Individual assessment of varied depth defects: As seen in the performance indices (Fig. 7) and Fig. 8c, the F3 and F10 filters yielded the best results for the deepest defect D1. Unlike the unified assessment, RMS and MSR did not demonstrate the success here as they displayed various combinations on the green scale, apart from F3 and F11. On the other hand, MAE and CC indices were consistent with the images (F11, F13, F14, F15). For defect D2, F7 and F13 filters with BP + SG combinations delivered optimal results. However, this situation was not reflected on the images. In contrast to successful predictions of SINAD and THD in the unified assessment, RMS and MSR indices exhibited more successful results for combinations of Wiener. Nevertheless, MAE and CC indices did not align with the images in this assessment (Fig. 8d). Finally, the shallowest defect D3 was clearly identified in CMU-SAFT images which is not frequently encountered in the literature. Particularly the Wiener filter contributed to this clarity. Although combinations of Wiener filters with others enhanced defect visibility, background noise overshadowed the image. This success is notably highlighted in the SNR vs. SINAD relation (Fig. 8e) and RMS and MSR indices. However, MAE and CC indices did not demonstrate compatibility with the images in this evaluation.

5 Conclusions

This paper introduces a novel CMU-SAFT approach to enable SAFT technique for conventional ultrasonic measurements without the need for specialized equipment. The innovation enhances the versatility of SAFT, enabling its use in scenarios where matrix antenna array-equipped devices may not be available or practical and preventing hyperbolic patterns. While the results obtained from a concrete containing delamination defects at various depths have demonstrated the effectiveness of the CMU-SAFT technique with conventional-mode devices, particularly in imaging the shallow defect that is not commonly encountered in the literature, the study also quantitatively assessed the contributions of different denoising filters on CMU-SAFT images with statistical performance indices.

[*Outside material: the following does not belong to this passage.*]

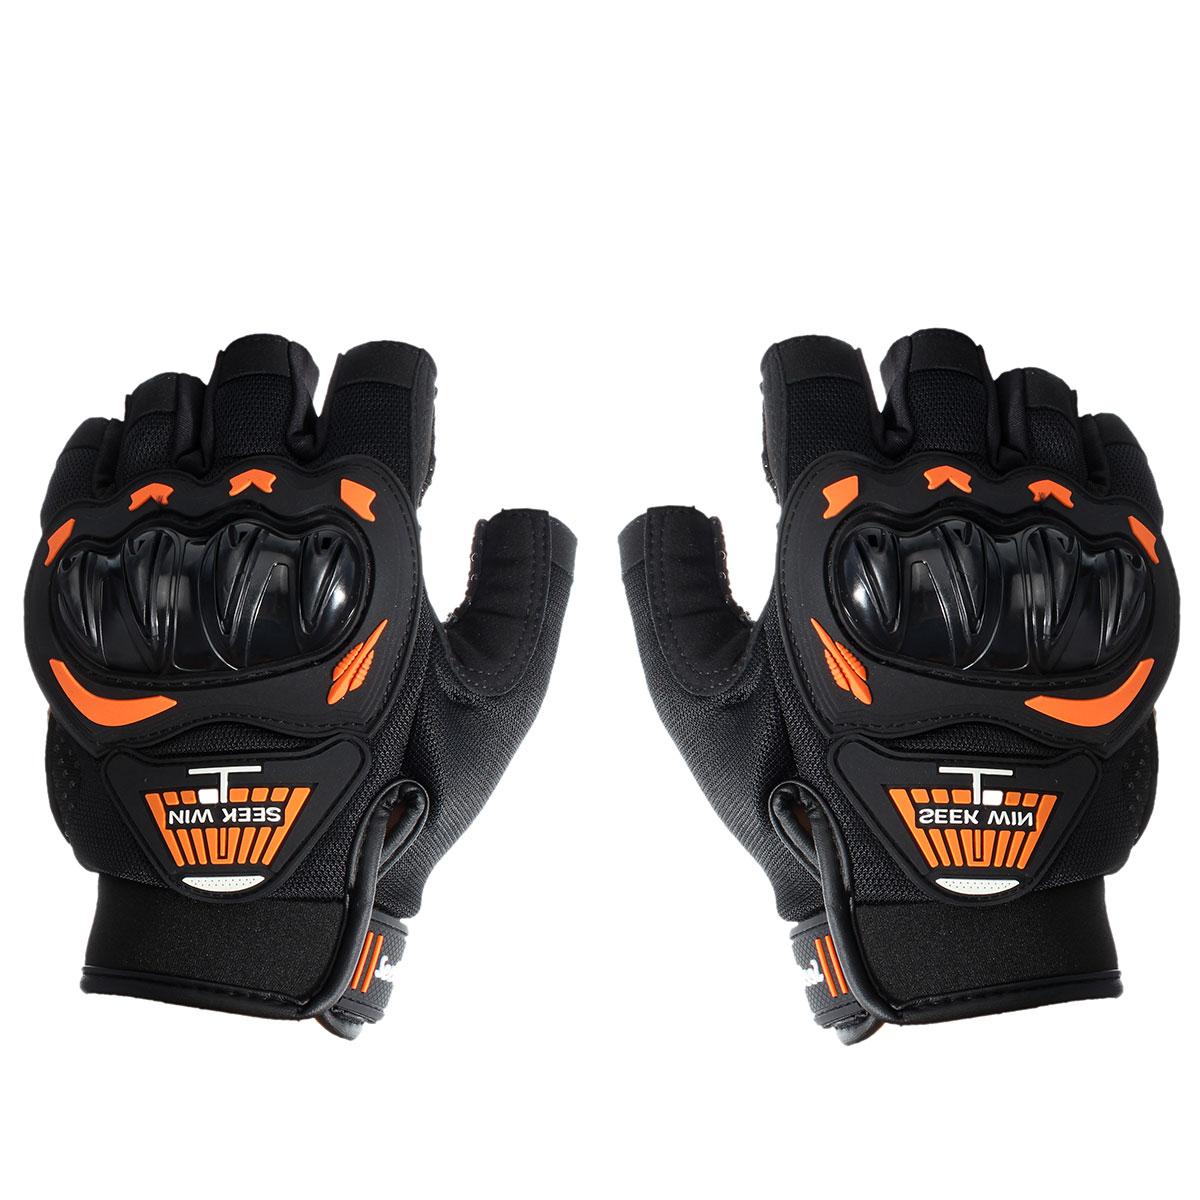 Motorcycle gloves half finger - Seek Win Sc 01b Probiker Racing Motocross Motorbike Protective Half Finger Motorcycle Gloves China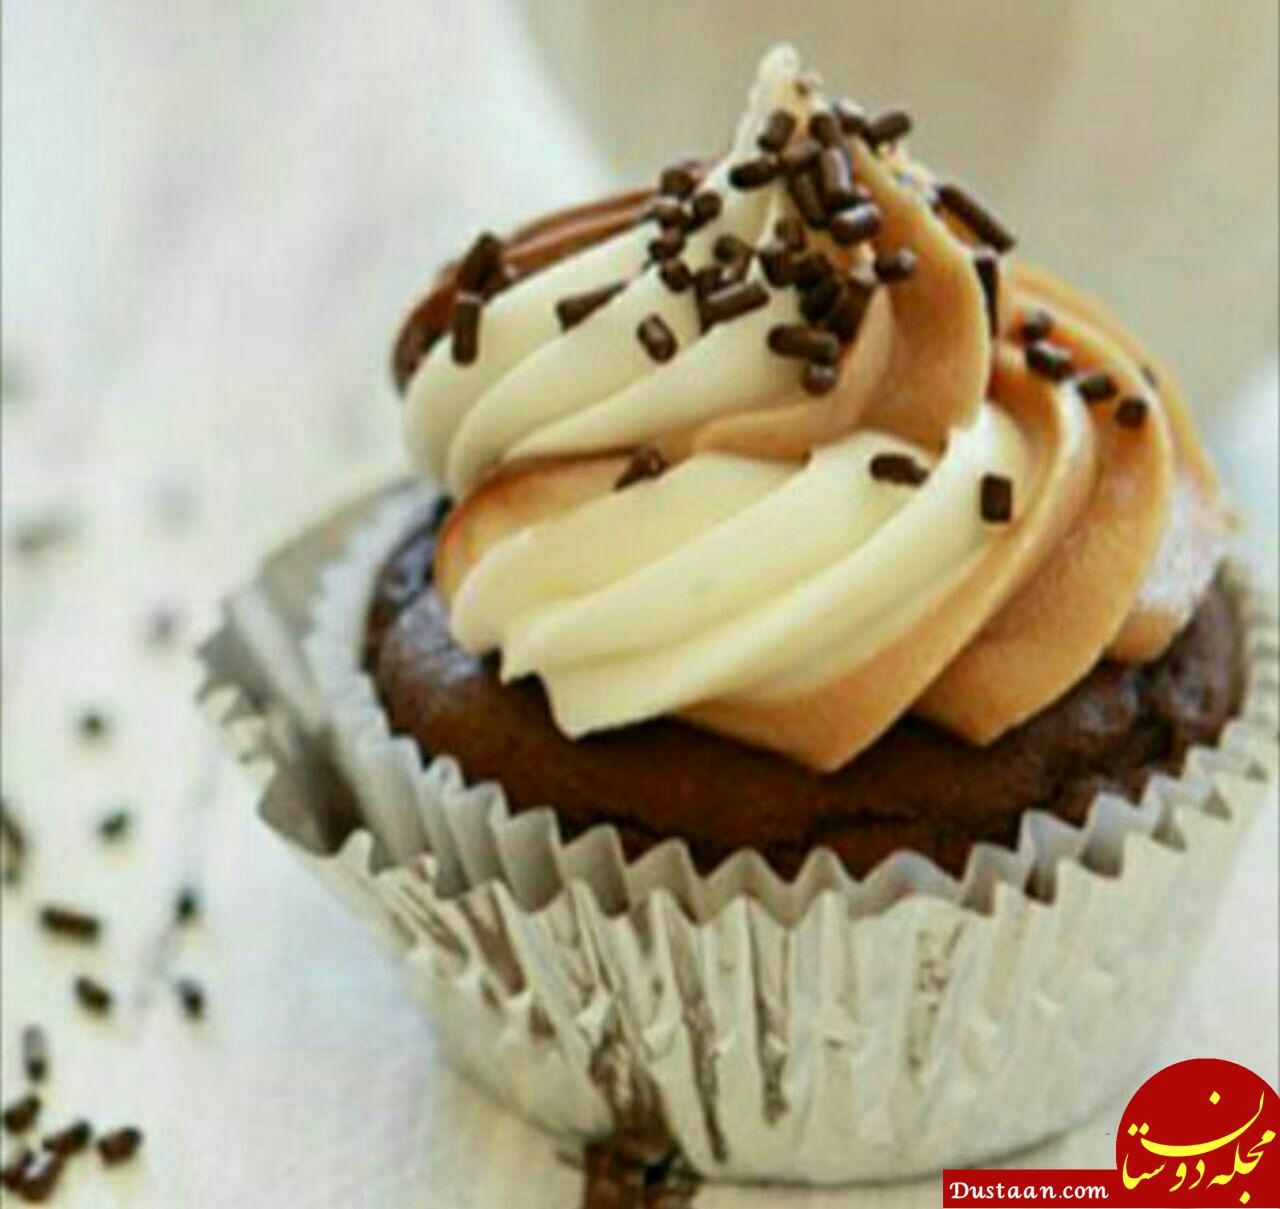 www.dustaan.com طرز تهیه کاپ کیک به سبکی خوشمزه و متفاوت

The findings of the study reveal insightful conclusions regarding the effectiveness of different filters. The examination of waveforms and CMU-SAFT images post-filtering underscores the limitations of the band pass filter, emphasizing the superior noise reduction capabilities of the wavelet filter, particularly in smoothing out noise and enhancing backwall reflection. Wiener emerges as the top performer in noise elimination, presenting exceptionally smooth waveforms. Considering surface conditions, band pass proving inadequate in rough surfaces but Wavelet excelling in smooth surface environments. The efficacy of Wiener for visualizing deep and midlevel defects is highlighted, but cautioning against Wiener in narrow regions due to potential backwall interruptions. Wavelet demonstrates superior performance in determining backwall length. It emphasizes the importance of nuanced evaluations for different depth defects, as averaging performance indicators may lead to misinterpretations. SINAD has been shown to be superior to SNR in accurately evaluating the noise signal ratio. SINAD and THD are more successful for performance assessment in narrow regions. Performances of MAE, CC, RMS, and MSR are affected by the depth of the defect and the width of the examined region. Consequently, CMU-SAFT technique can lead to overcome existing technological limitations, making it more economical, broader applicability and preventing the need for specialized equipment by utilizing recommended filters and indicators under specific conditions.